The Kansas Supreme Court ruled today that the state is not spending enough money on schools, harming the basic education of thousands of students, especially disadvantaged ones.
The decision portends a fight with the Republican-controlled legislature over how to remedy the situation and marks another chapter in a long-running political and judicial battle over school funding in Kansas. Just last year, the state Supreme Court threatened to shut down schools, though lawmakers eventually complied with the court’s judgment demanding that more money go to schools in poor areas.
The latest ruling finds that there is simply not an adequate amount of funding in the system as a whole.
“[N]ot only is the State failing to provide approximately one-fourth of all its public school K-12 students with the basic skills of both reading and math, but that it is also leaving behind significant groups of harder-to-educate students,” the decision states. “Plaintiffs have also proven by substantial competent evidence that the student performance reflected in this data is related to funding levels.”
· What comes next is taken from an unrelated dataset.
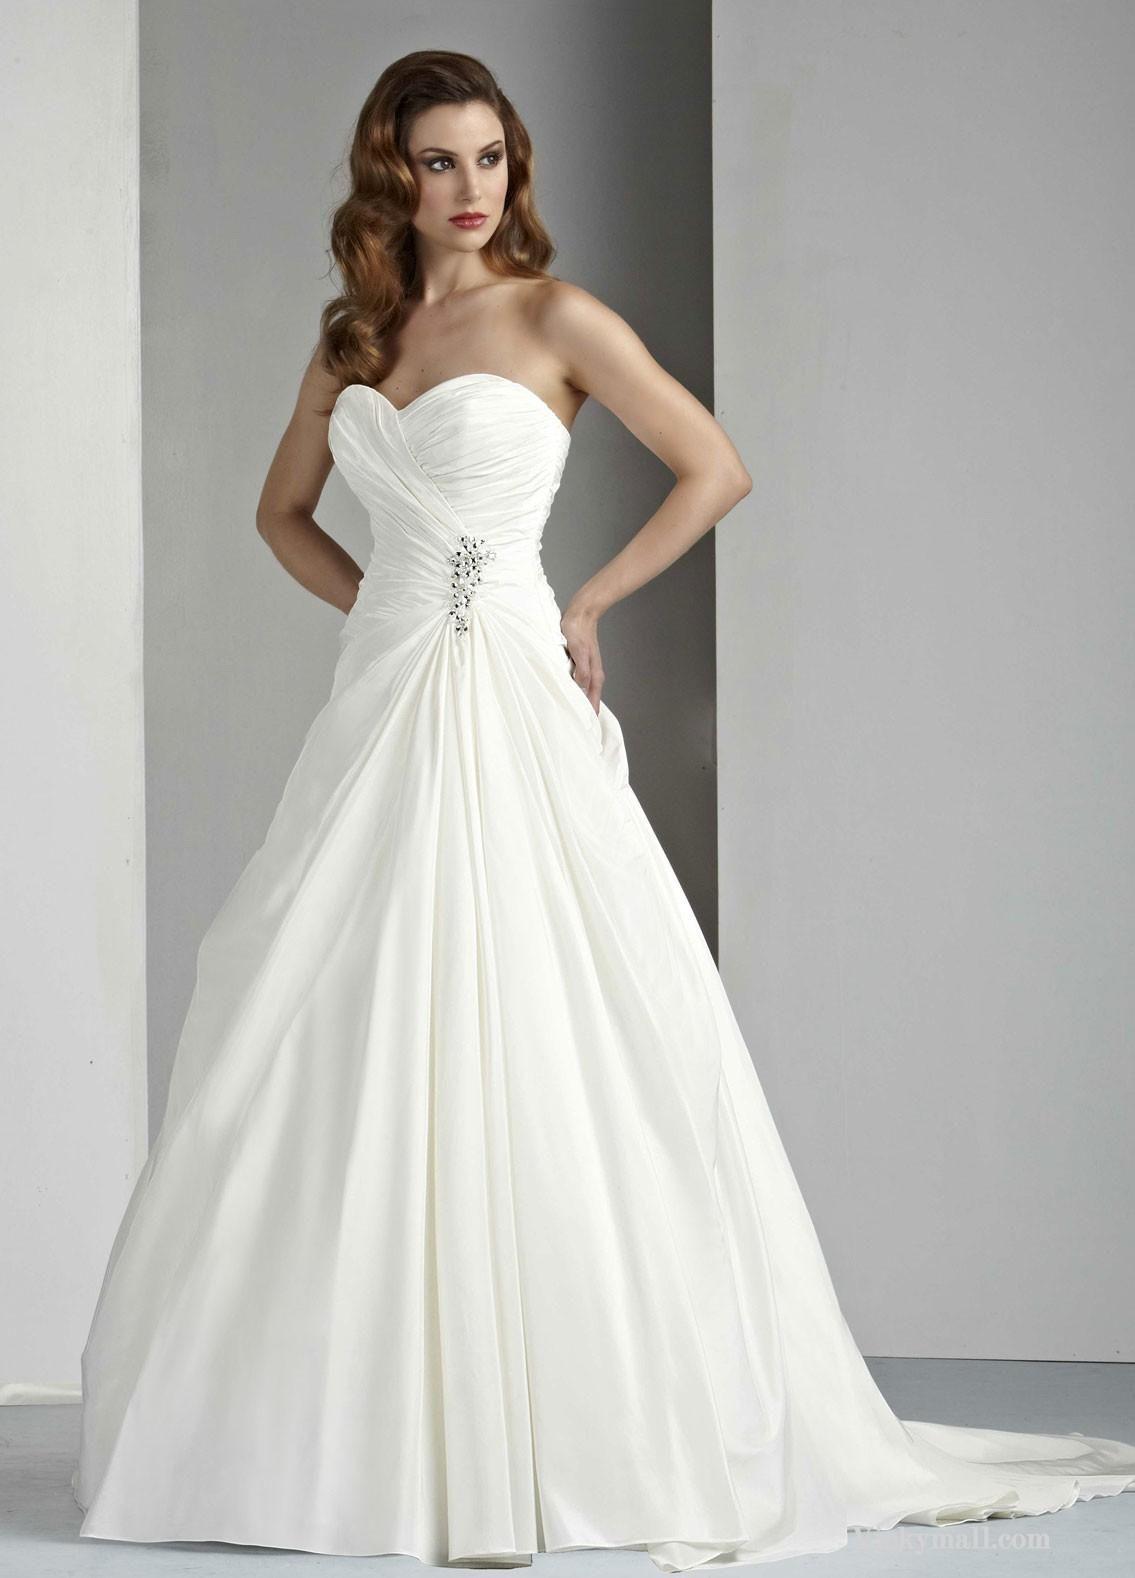 Sweetheart strapless wedding dress  Chic Designed Pure White Wedding Piece in Taffeta  Wedding dress

Using data through 2014, a recent analysis by the Education Law Center, a group that supports school funding cases, gave Kansas a “C” letter grade in both how fairly it distributes funds to schools and how much money it spends relative to the size of its economy.
The judges gave lawmakers until the end of June to implement the ruling — a timeline that may prove challenging, considering the state already faces a large deficit. Kansas currently spends about $4 billion a year to educate its 496,440 students in K-12, with estimates on how much that number will have to increase ranging from $535 million by state education officials to $800 million by the plaintffs’ lawyer, John Robb.
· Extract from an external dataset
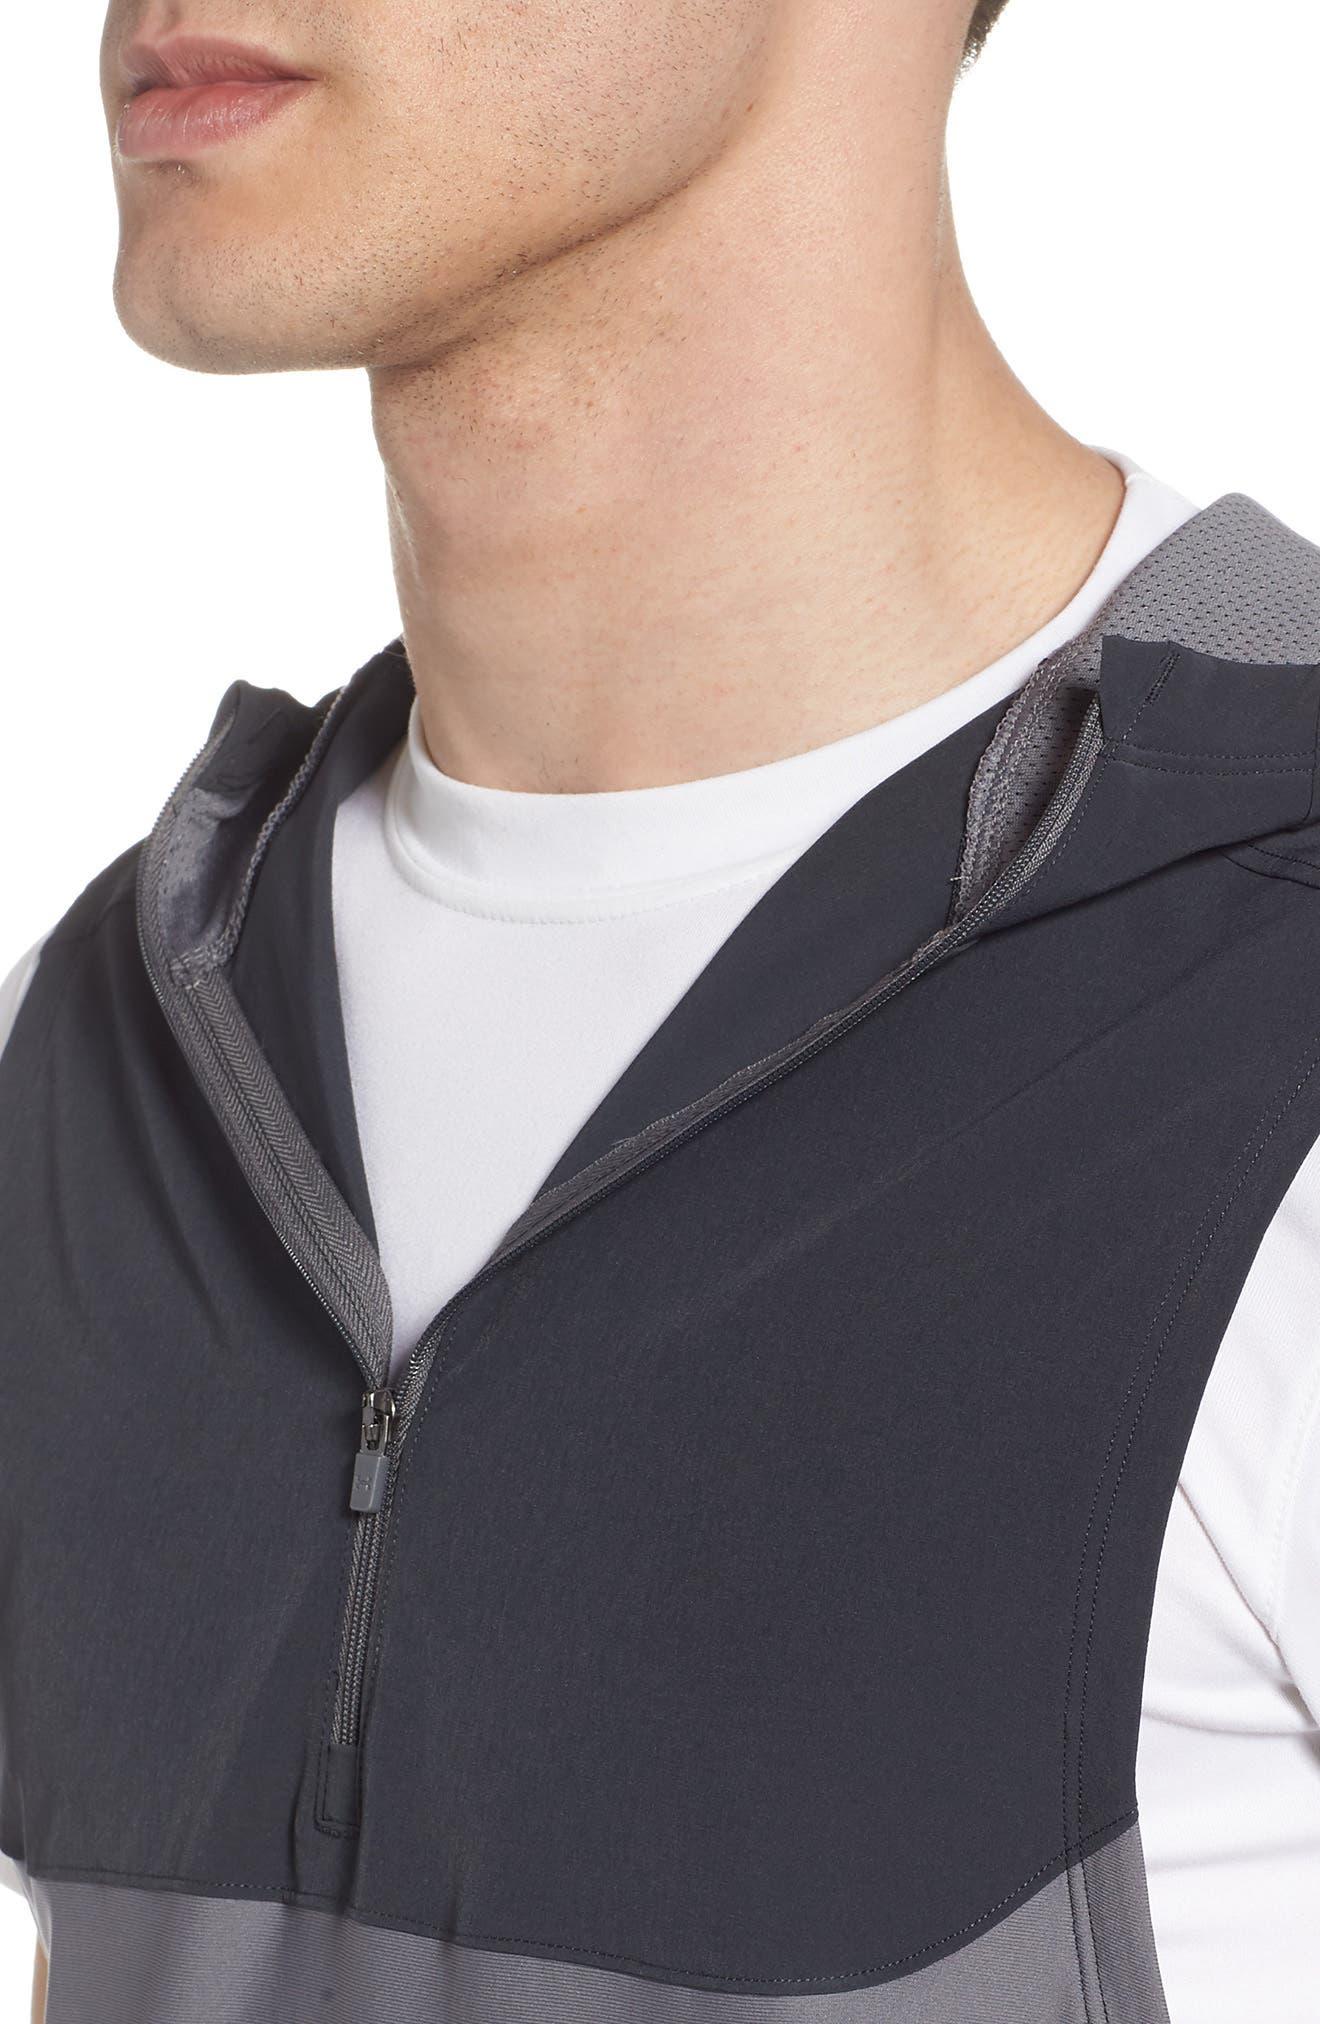 Threadborne Vanish Vest,                             Alternate thumbnail 4, color,                             Anthracite / Graphite/ Iron

Gov. Sam Brownback, a Republican elected in 2010, enacted a series of tax cuts that critics say gutted state coffers without the promised increase in economic growth.
“The notion that there is no money is a self-inflicted condition,” said Robb, according to The Kansas City Star.
Kansas is not unique in its disputes between the judiciary and lawmakers on how to carry out a school funding decision. The Washington state legislature, for instance, was held in contempt by the Supreme Court and fined $100,000 a day — none of which has been paid — for not implementing the court’s 2012 mandate to improve the school funding system.
Critics of court-driven funding reforms argue that they are not effective and entangle judges in decisions that are best left to state lawmakers. However, recent national research has found that court-ordered funding increases lead to large gains for students.